Witaj, musisz się przywyczaić, że tu same pisarki :-) mało tego - pogódź się z tym że to WCIĄGA i też zostaniesz producentką pościków, których inne chwilkę nieobecne nie będą w stanie nadrobić :-D

A ja dzisiaj smutna jestem, przeczyściło mnie od rana i znowu okazuje się, że nic nie przytyłam:(:(:( stoję na 57 kg i kurcze brzuszek o połowę mniejszy, i pomyśleć, że to wszystko we mnie siedziało:(

No nic kochane miłego dnia słoneczka...........

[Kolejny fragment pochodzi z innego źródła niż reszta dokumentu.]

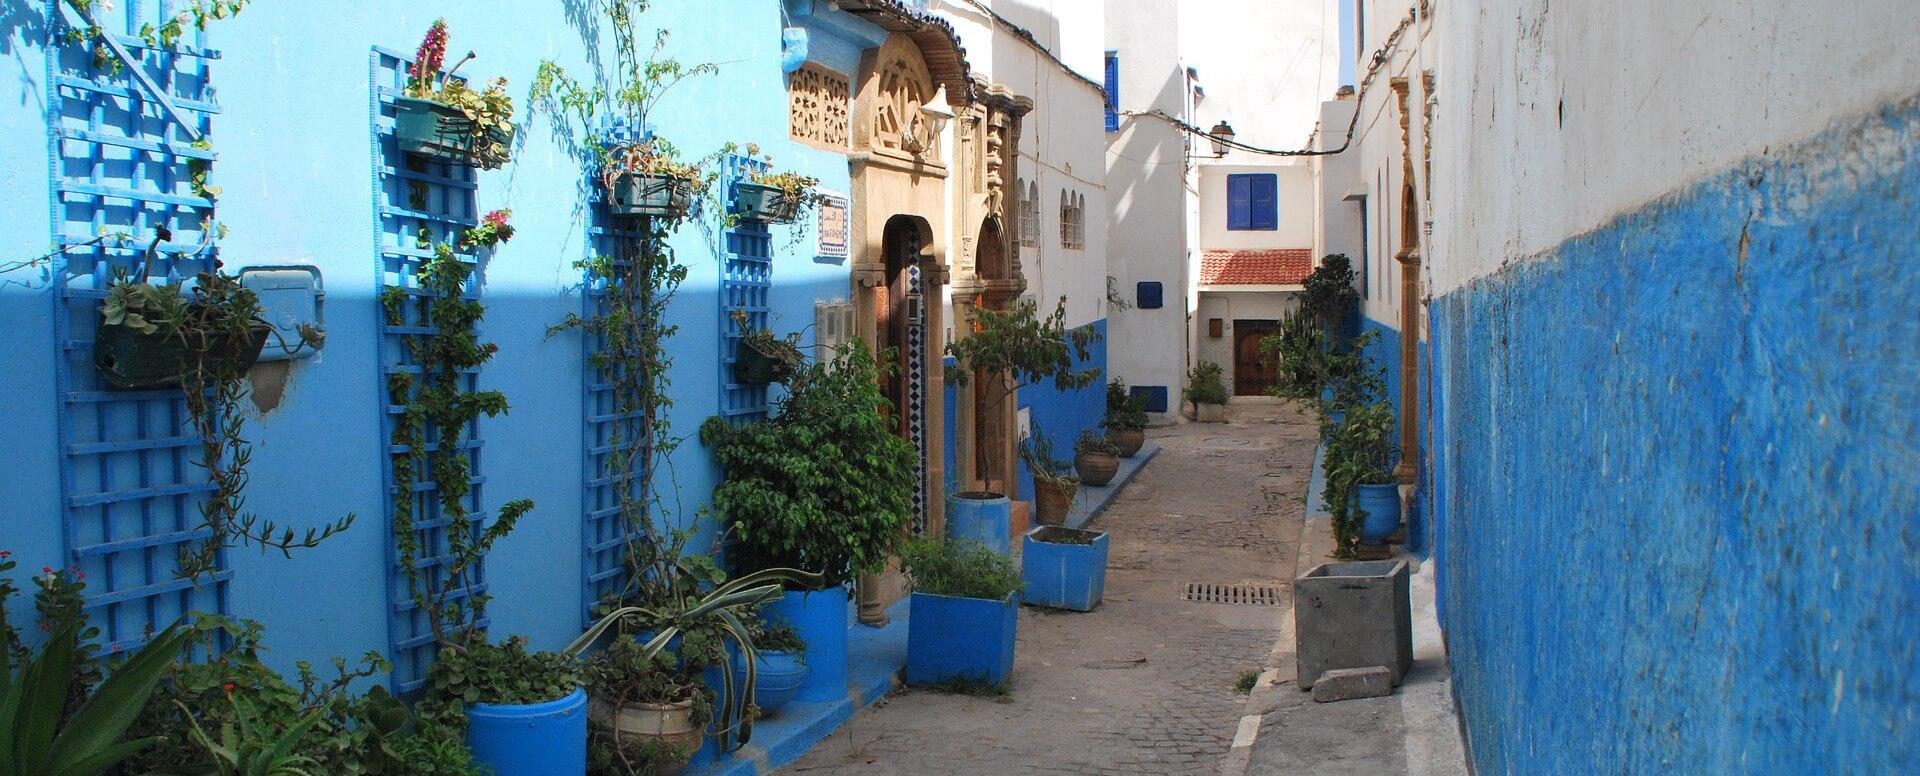 4. Petite balade dans la ville de Rabat - Maroc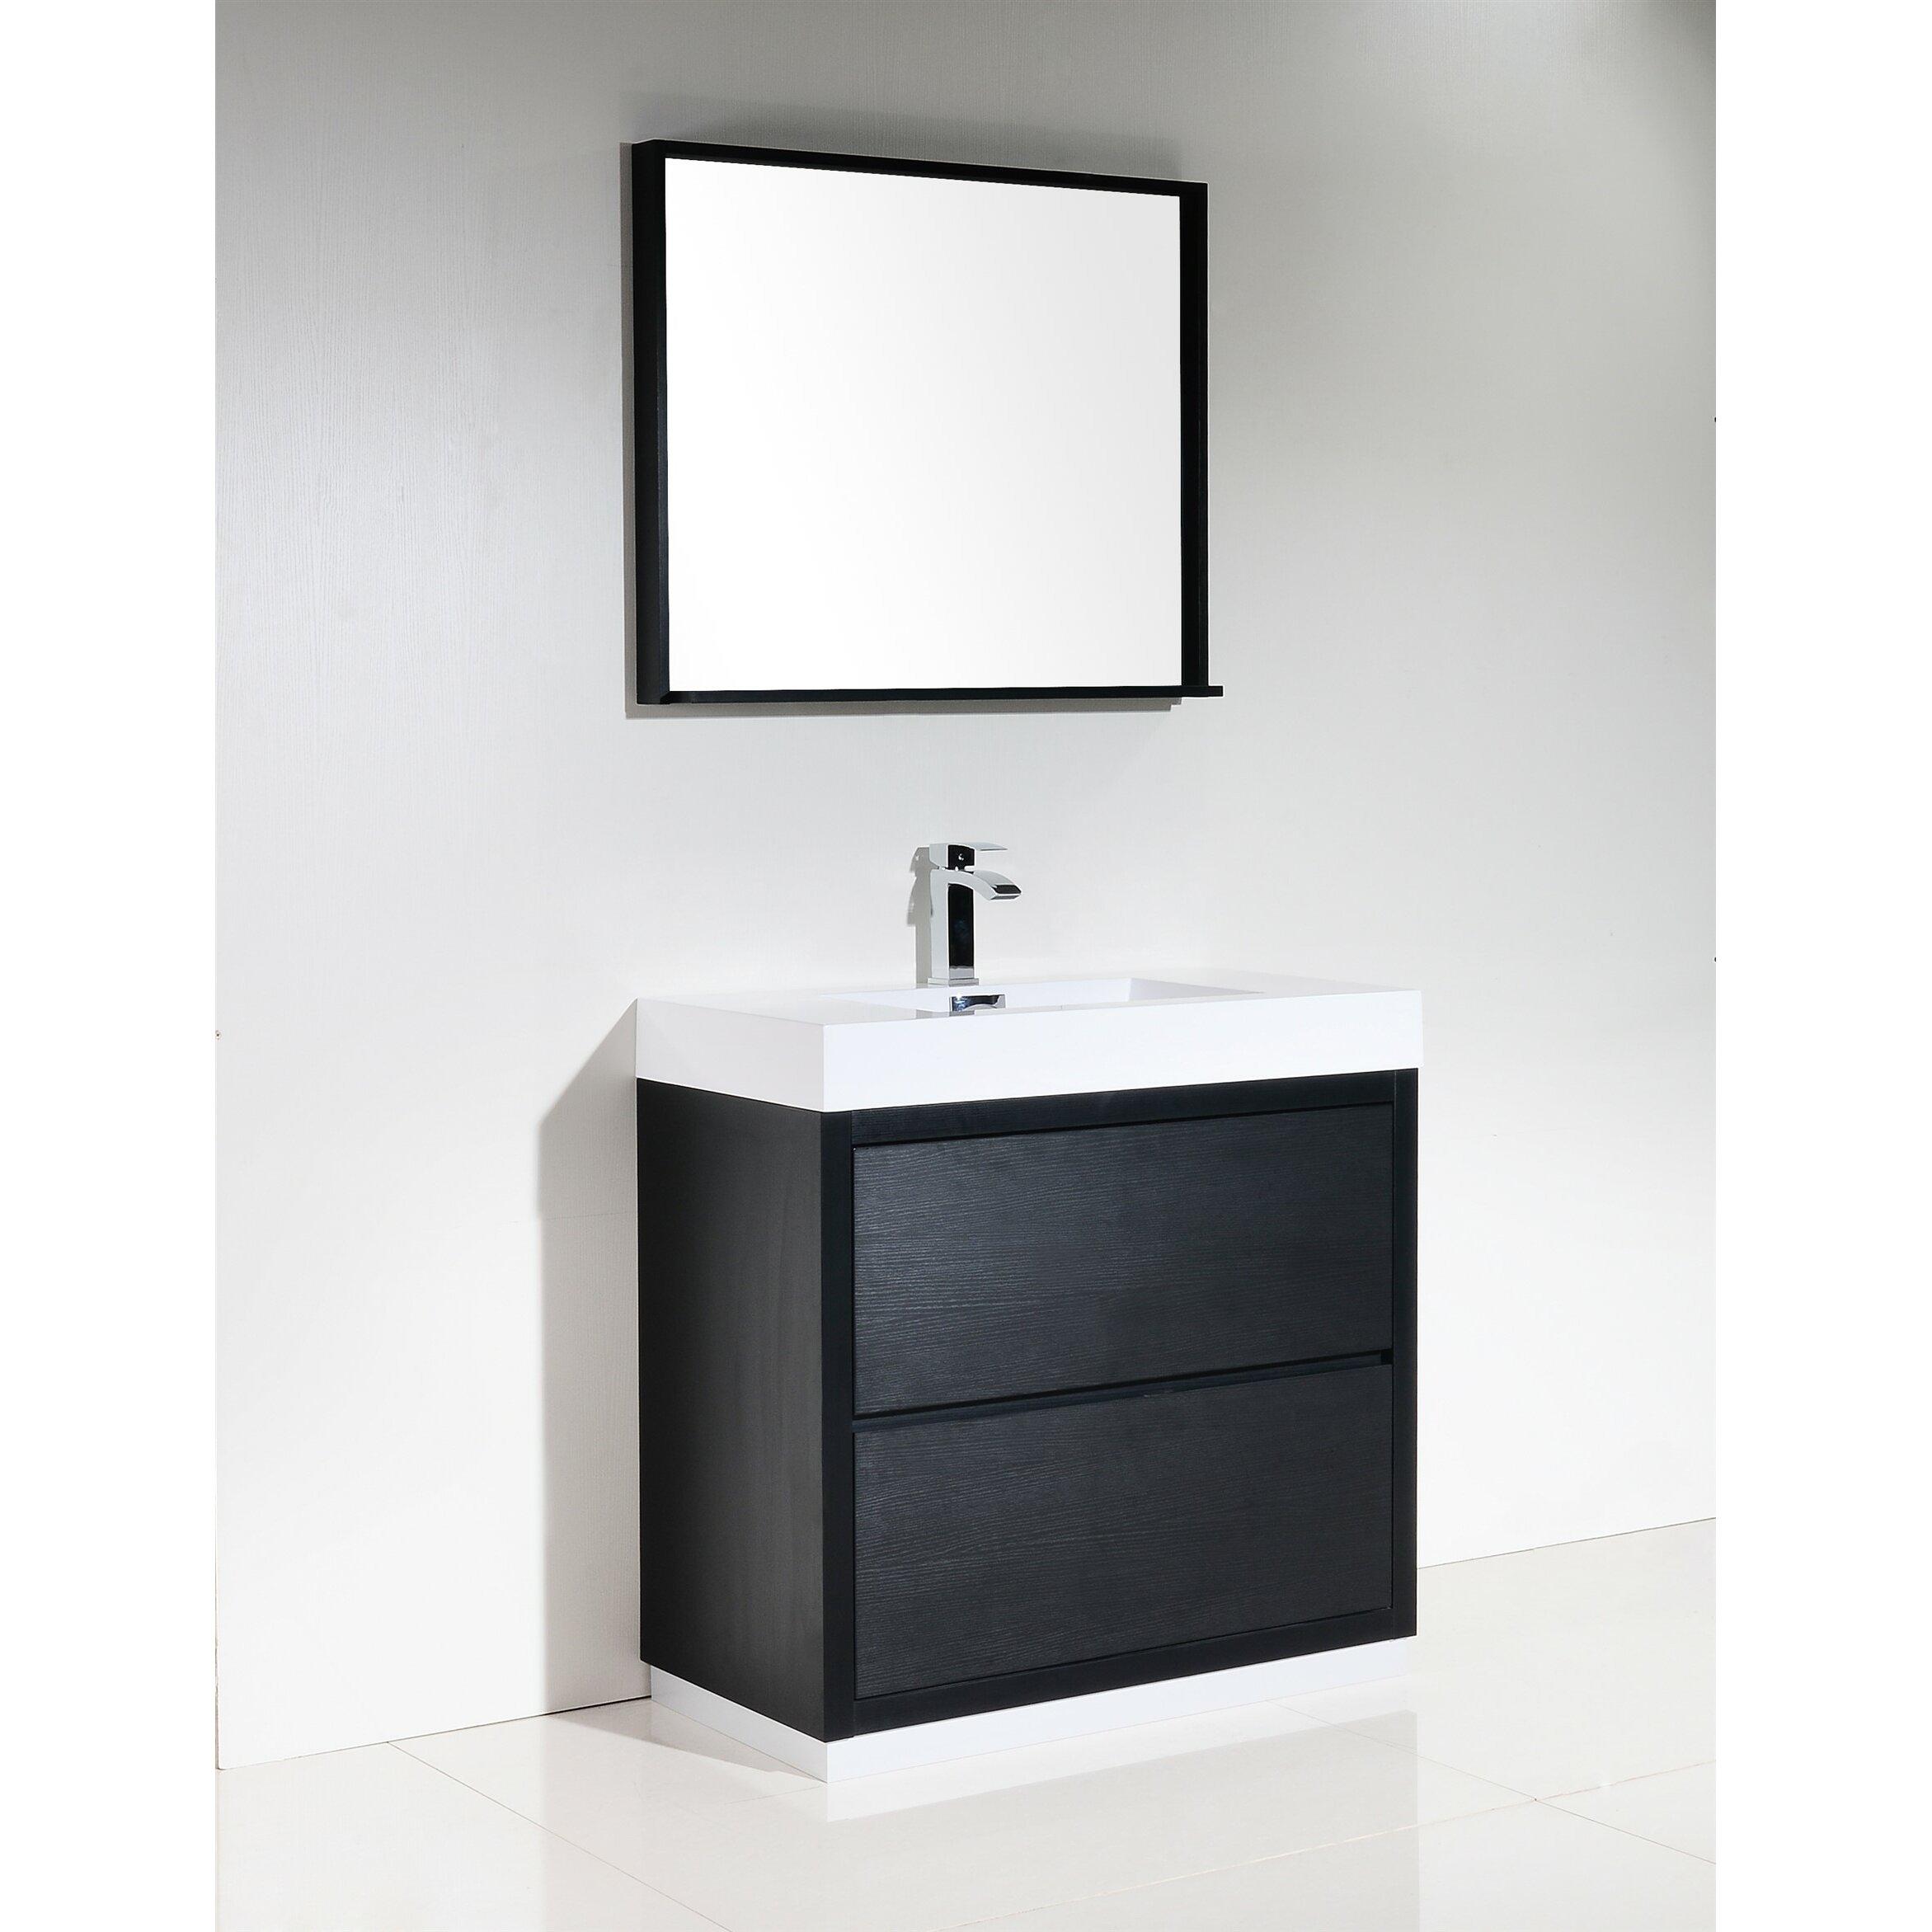 kube bath bliss 36 single free standing modern bathroom vanity set reviews. Black Bedroom Furniture Sets. Home Design Ideas

Oj kochana absolutnie się nie martw... waga nie ma znaczenia - ważne są badania jesli wyniki będziesz miała dobrze - żadnej anemii i tym podobnych to tylko się cieszyć! :tak::tak::-D

ehtele a w kwestii wagi to moja droga karmienie piersią to najlepsza dietka :-):tak:
 
reklama
marulka-zgadzam się karmienie+spacery=dieta cud. Zgubiłam 26 ciążowych i 6 kiedyś tam odłożonych:tak:;-).Po ciązy mówili,że jestem szczuplejsza niz przed ciążą:-).

A jeżeli chodzi o alkohol to grama nie piję od kwietnia 2008- pierwsza ciąża, później karmienie,a teraz druga ciąża:tak:
Moja koleżanka za to codziennie przez całą ciążę po 2-3 piwa dziennie i papieroski do tego:no:. Każdy robi jak chce, ja swojemu dziecku nie funduję takich atrakcji.